User request: "Extract the summary table from each of these 20 monthly reports"

Actions:

import glob

results = []
for pdf_path in sorted(glob.glob("reports/*.pdf")):
    tables = camelot.read_pdf(pdf_path, pages="1", flavor="lattice")
    if tables:
        df = tables[0].df  # First table on first page
        df["source_file"] = pdf_path
        results.append(df)

combined = pd.concat(results, ignore_index=True)
combined.to_csv("all_summaries.csv", index=False)

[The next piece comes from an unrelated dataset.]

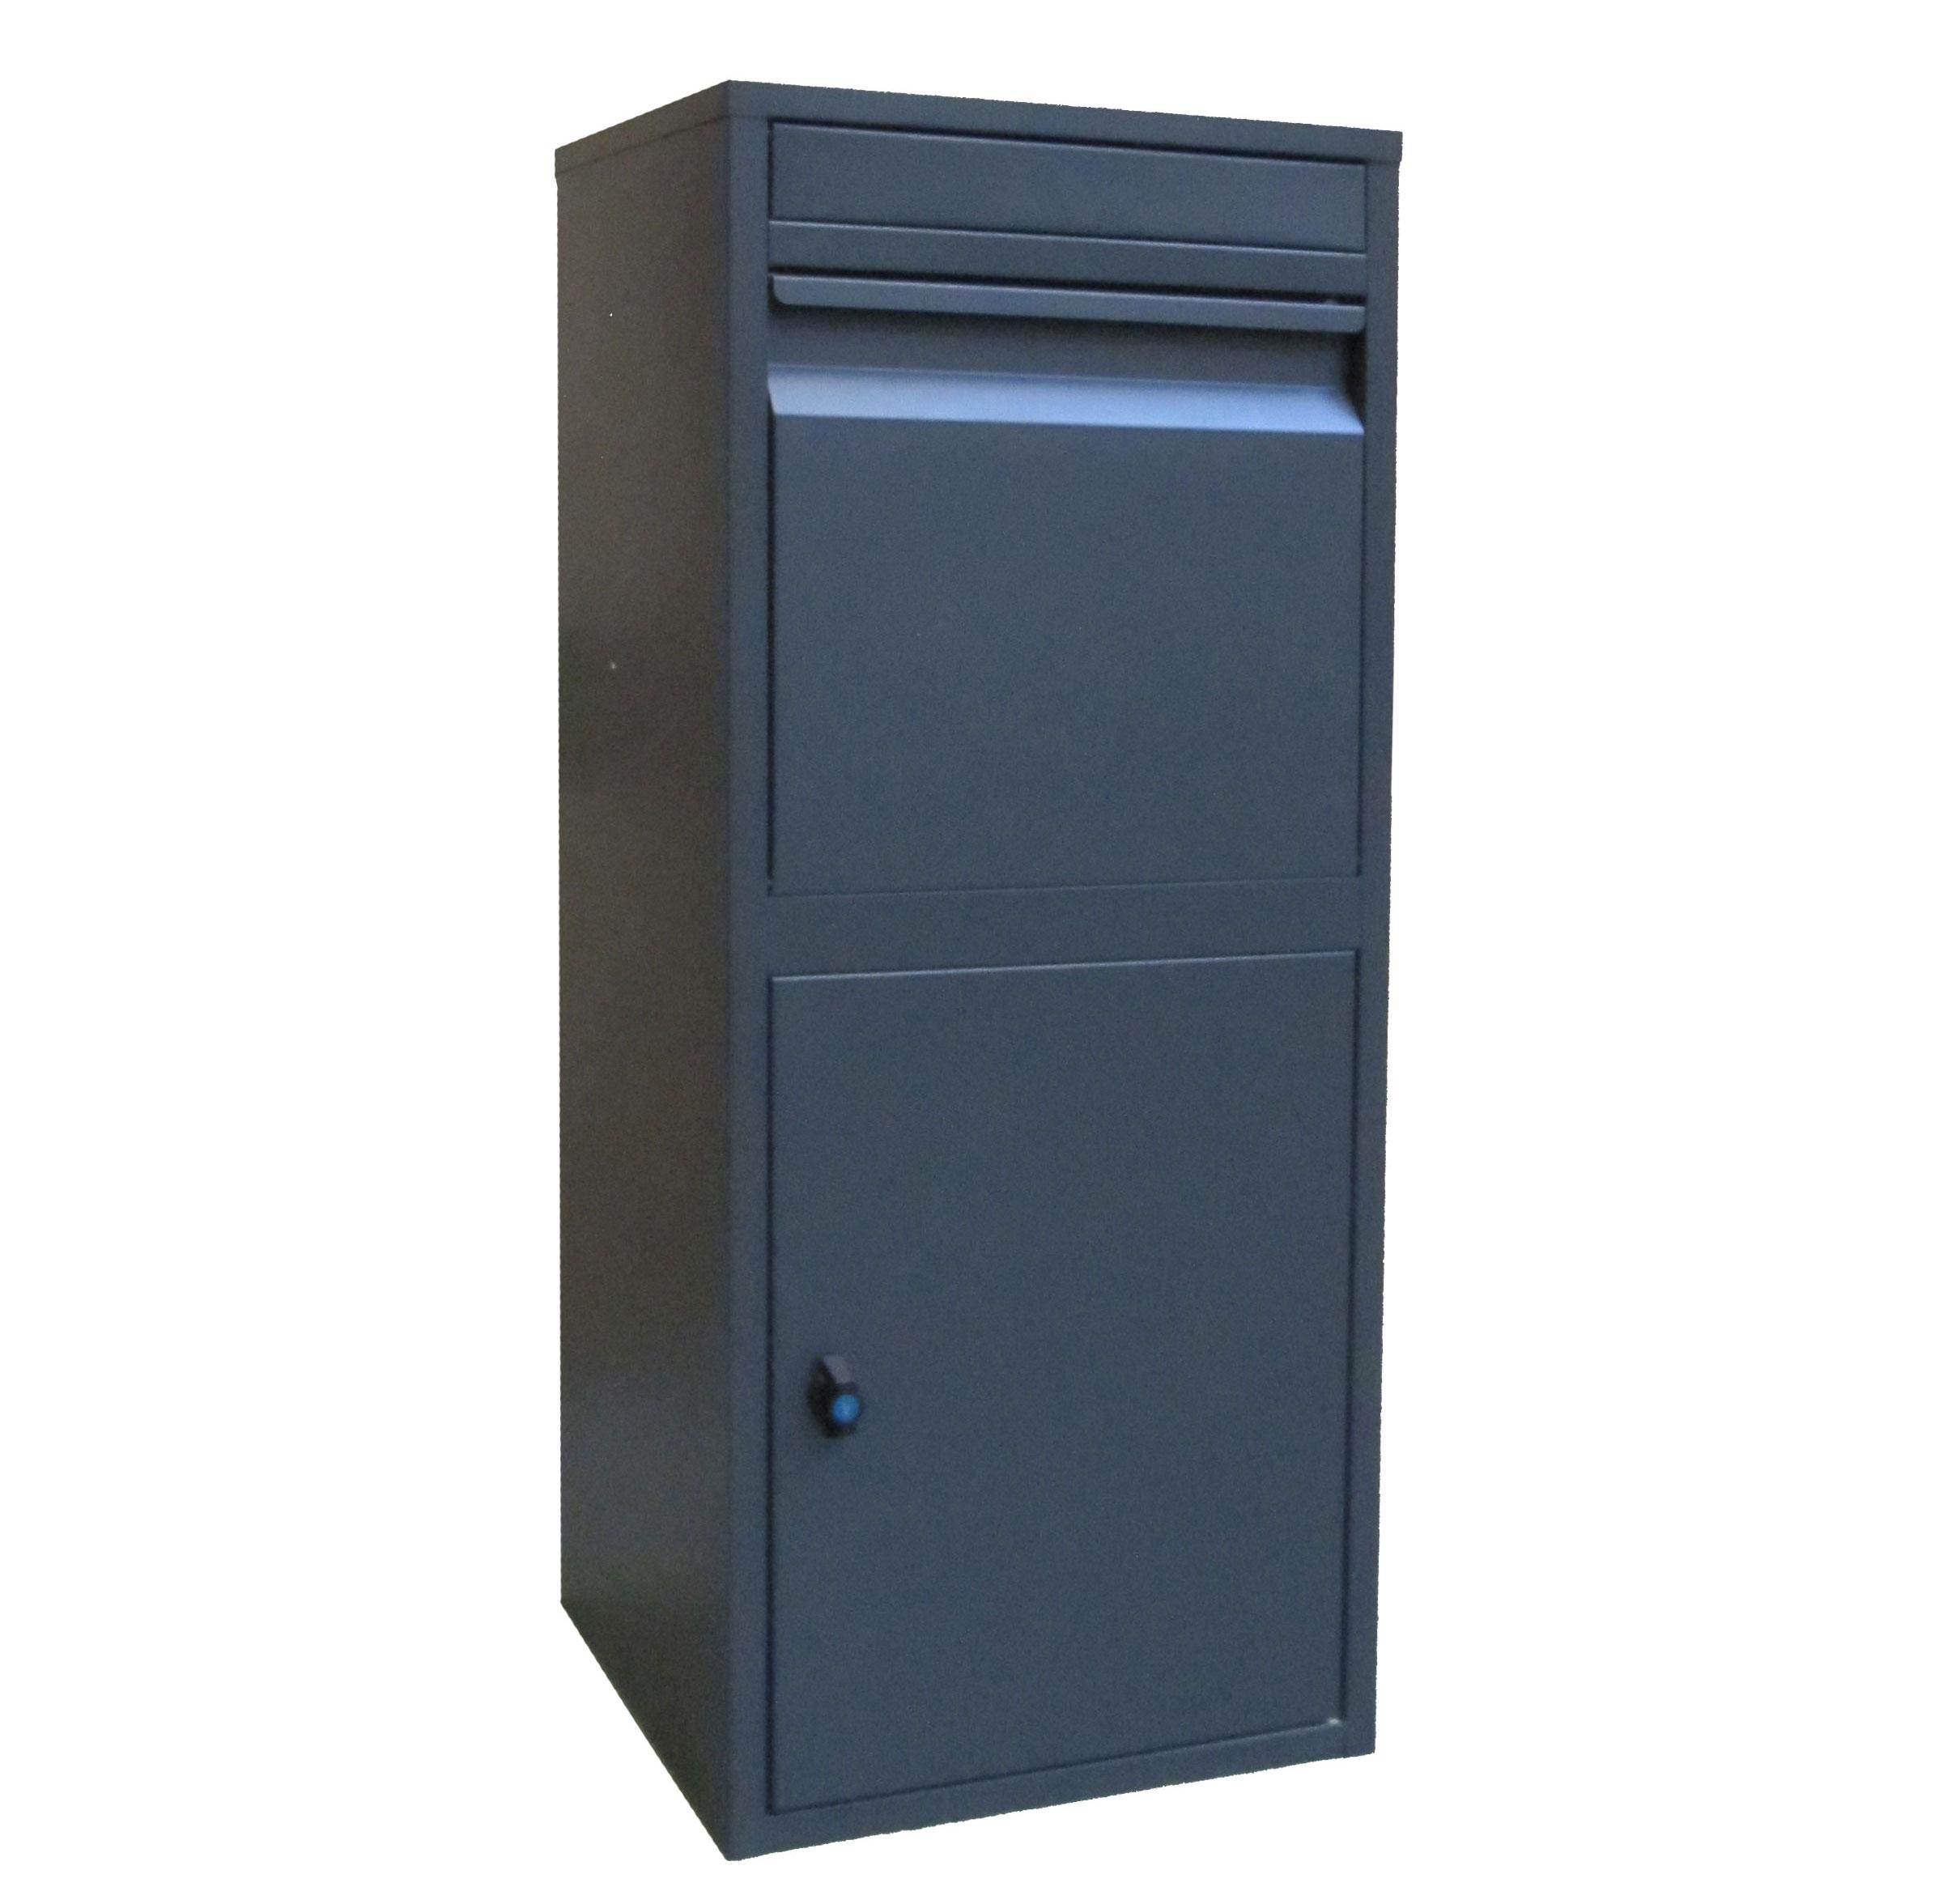 Paketbriefkasten / Paketbox / Paketkasten Chic-XL 41x38x102cm Bild 1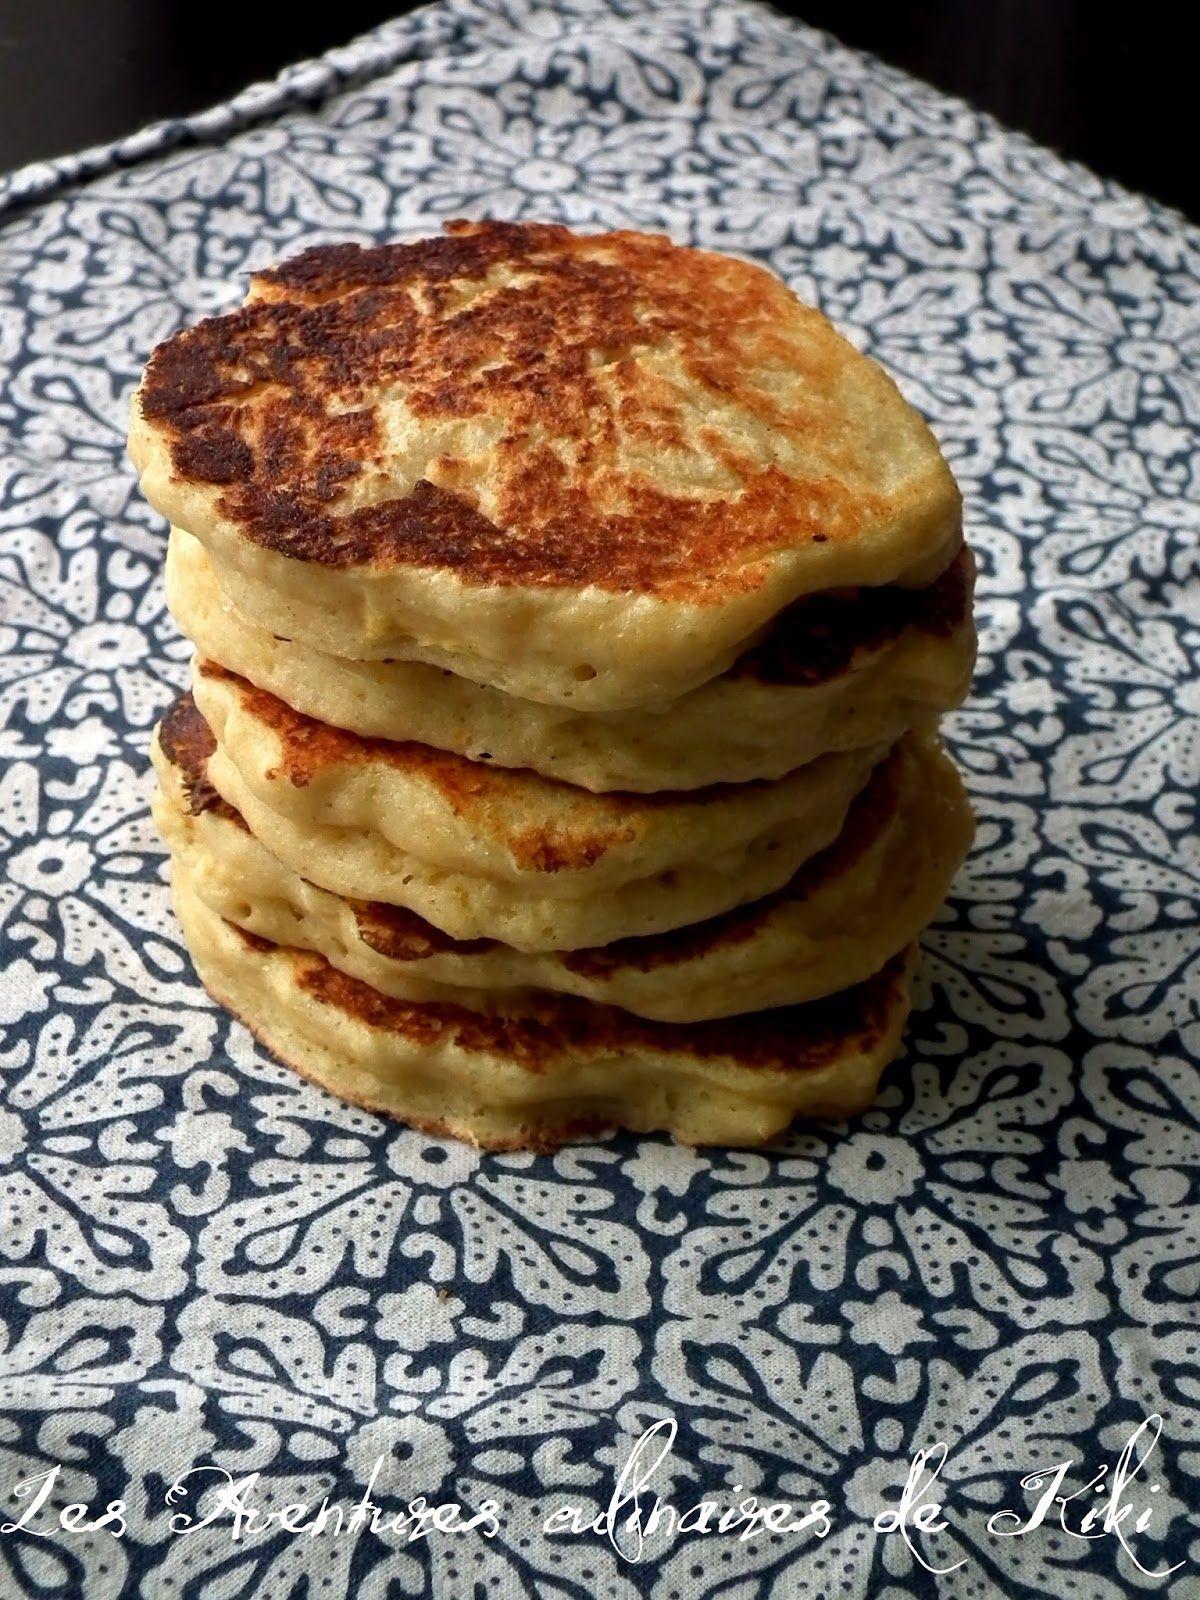 Les Aventures culinaires de Kiki: Pancakes protéinés au fromage cottage, au kamut et à l'orange

Output: A single CSV combining the summary table from all 20 reports with a source_file column for traceability.

Guidelines

Always try lattice flavor first (bordered tables). Fall back to stream for borderless tables.
Check the accuracy score on each table. Below 80% indicates extraction issues that need manual review.
For scanned PDFs, run OCR first (e.g., ocrmypdf) before table extraction.
When camelot struggles, try pdfplumber as an alternative: page.extract_table(table_settings={...}).
Clean numeric data aggressively: remove currency symbols, commas, and handle parenthesized negatives.
For tables with merged cells, use forward-fill on the appropriate columns.
When extracting from multiple pages, watch for repeated header rows at page breaks.
Always preview the extracted data before exporting to catch alignment or parsing issues.
Report extraction quality metrics (accuracy, row/column count) so the user can verify correctness.